RStudio Education

We are thrilled to introduce you to the gtsummary package!

The gtsummary package provides an elegant and flexible way to create publication-ready analytical and summary tables in R.

The motivation behind the package stems from our work as statisticians, where every day we summarize datasets and regression models in R, share these results with collaborators, and eventually include them in published manuscripts. Many of our colleagues had our own scripts to create the tables we needed, and even then would often need to modify the formatting in a document editor later, which did not lead to reproducible results.

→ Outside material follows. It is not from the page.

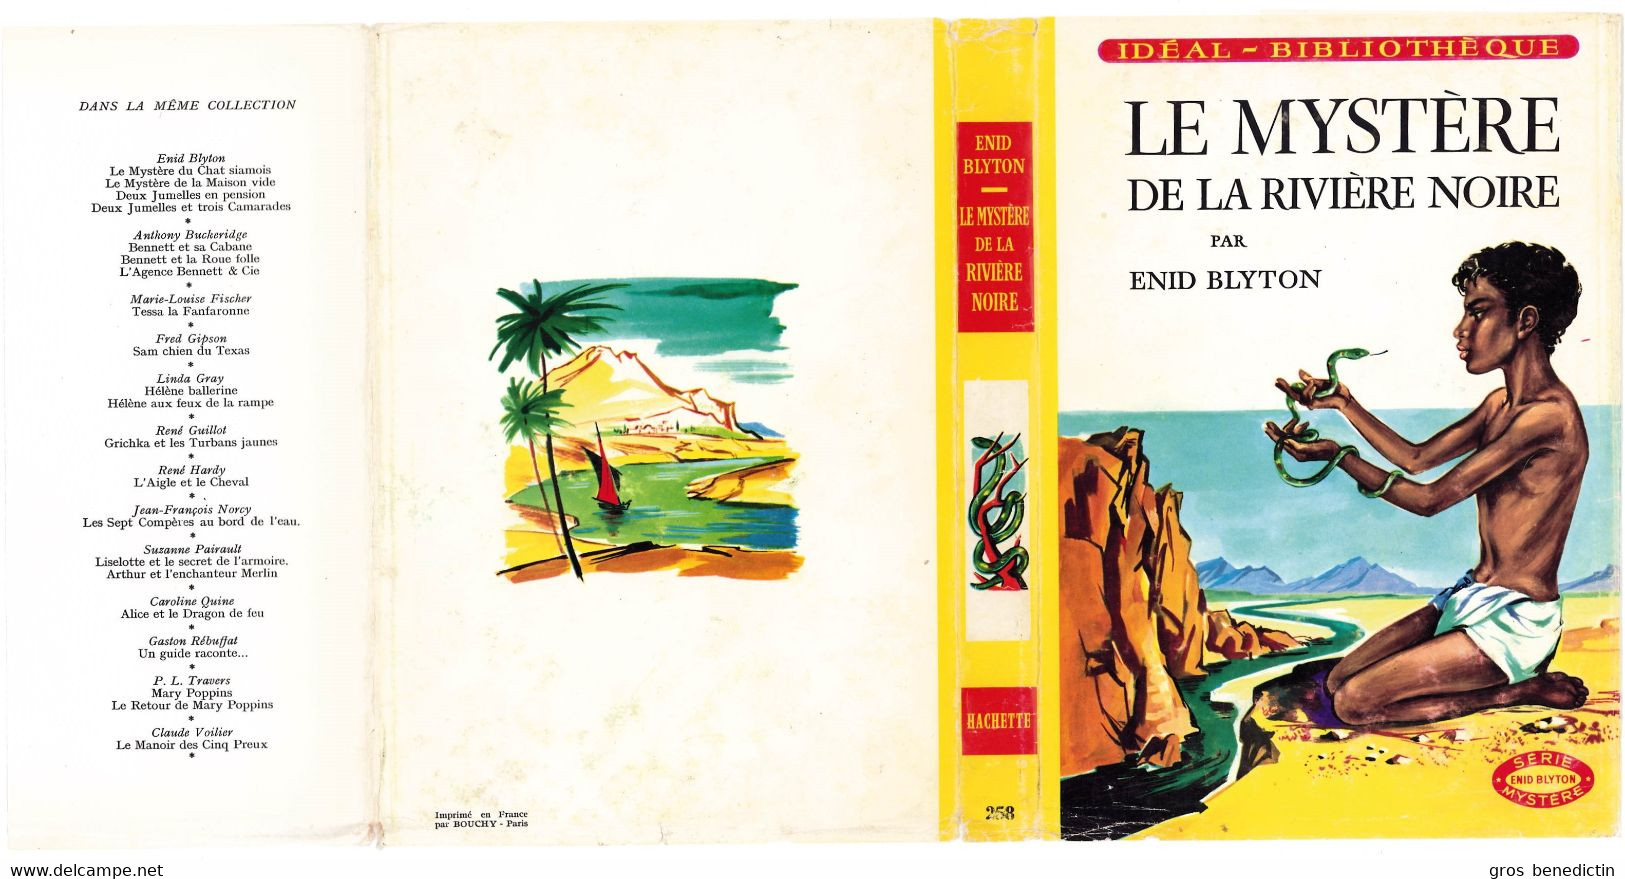 Hachette - Idéal Bibliothèque - Enid Blyton - "Le mystère de la rivière noire" - 1965 - #Ben&Bly&Myst
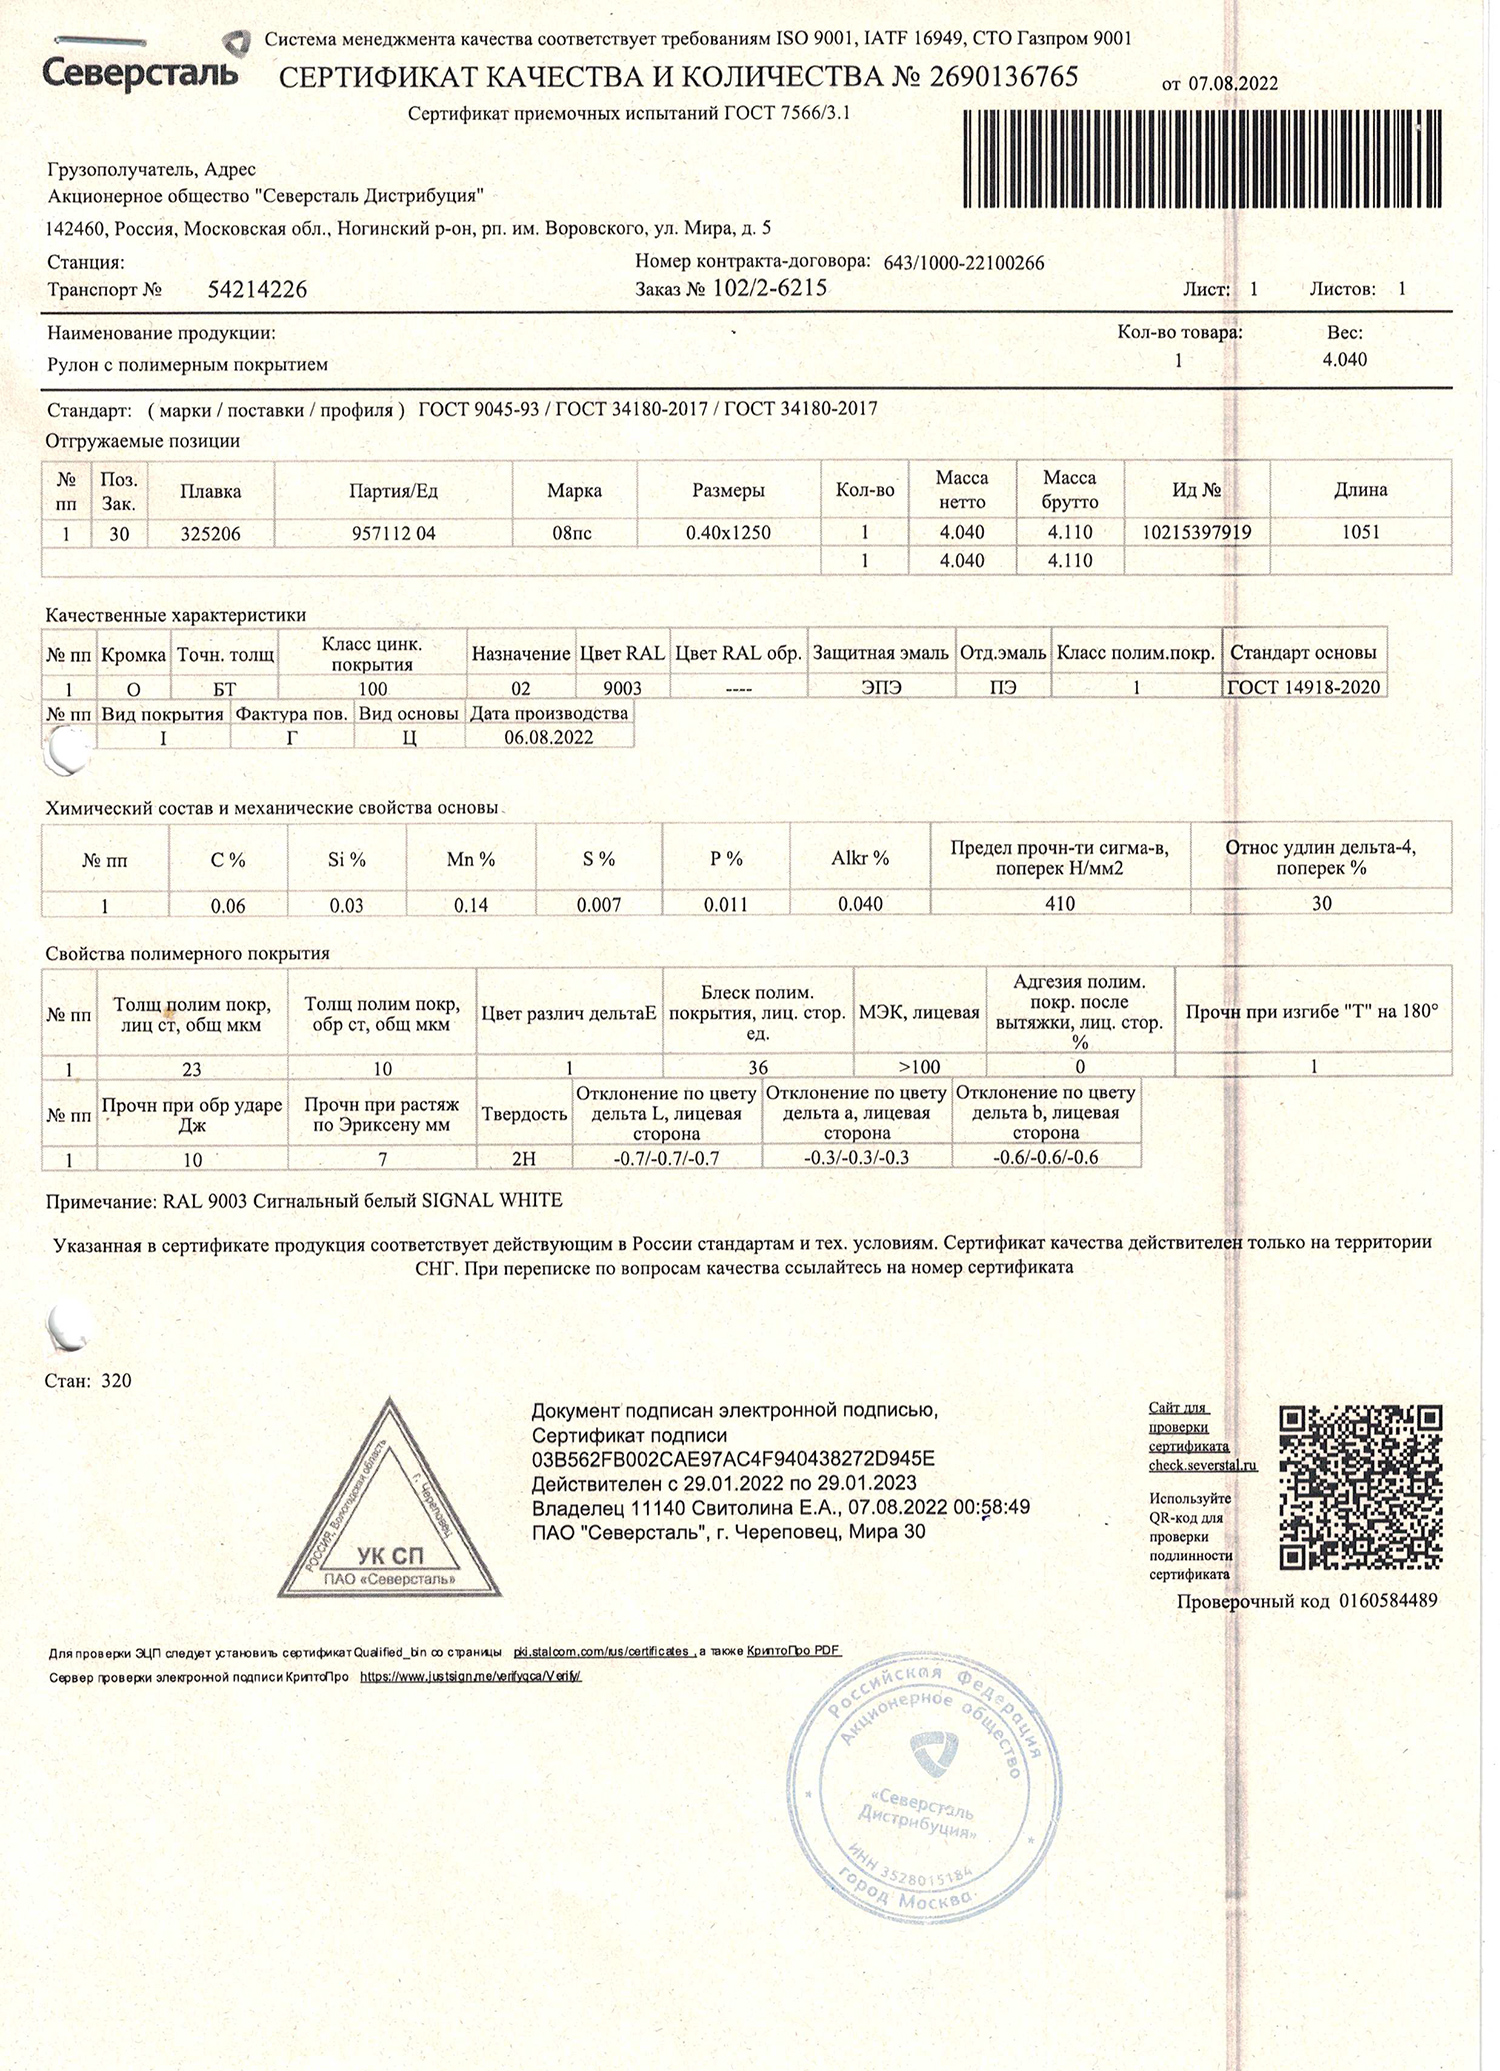 Северсталь, сертификат соответствия качества и количества, 29.01.2023

At the time we created the package, we had several ideas in mind for our ideal table summary package. We also wanted our tables to be able to take advantage of all the features in RStudio’s newly released gt package, which offers a variety of table customization options like spanning column headers, table footnotes, stubhead label, row group labels and more. So, gtsummary was born!

Here’s what you can do with gtsummary:

Summarize data frames or tibbles to present descriptive statistics, compare group demographics (e.g creating a Table 1 for medical journals), and more!
Summarize regression models. Using broom::tidy() in the background, gtsummary plays nicely with many model types (lm, glm, coxph, glmer etc.). You may also use custom functions to summarize regression models that do not currently have broom tidiers.
Customize gtsummary tables using a growing list of formatting/styling functions: everything from which statistics and tests to use to how many decimal places to round to, bolding labels, indenting categories and more!
Report statistics inline from summary tables and regression summary tables in R markdown. Make your reports completely reproducible!
Leverage compatibility with multiple R Markdown outputs to create beautiful, reproducible reports in a variety of formats (HTML, PDF, Word, RTF)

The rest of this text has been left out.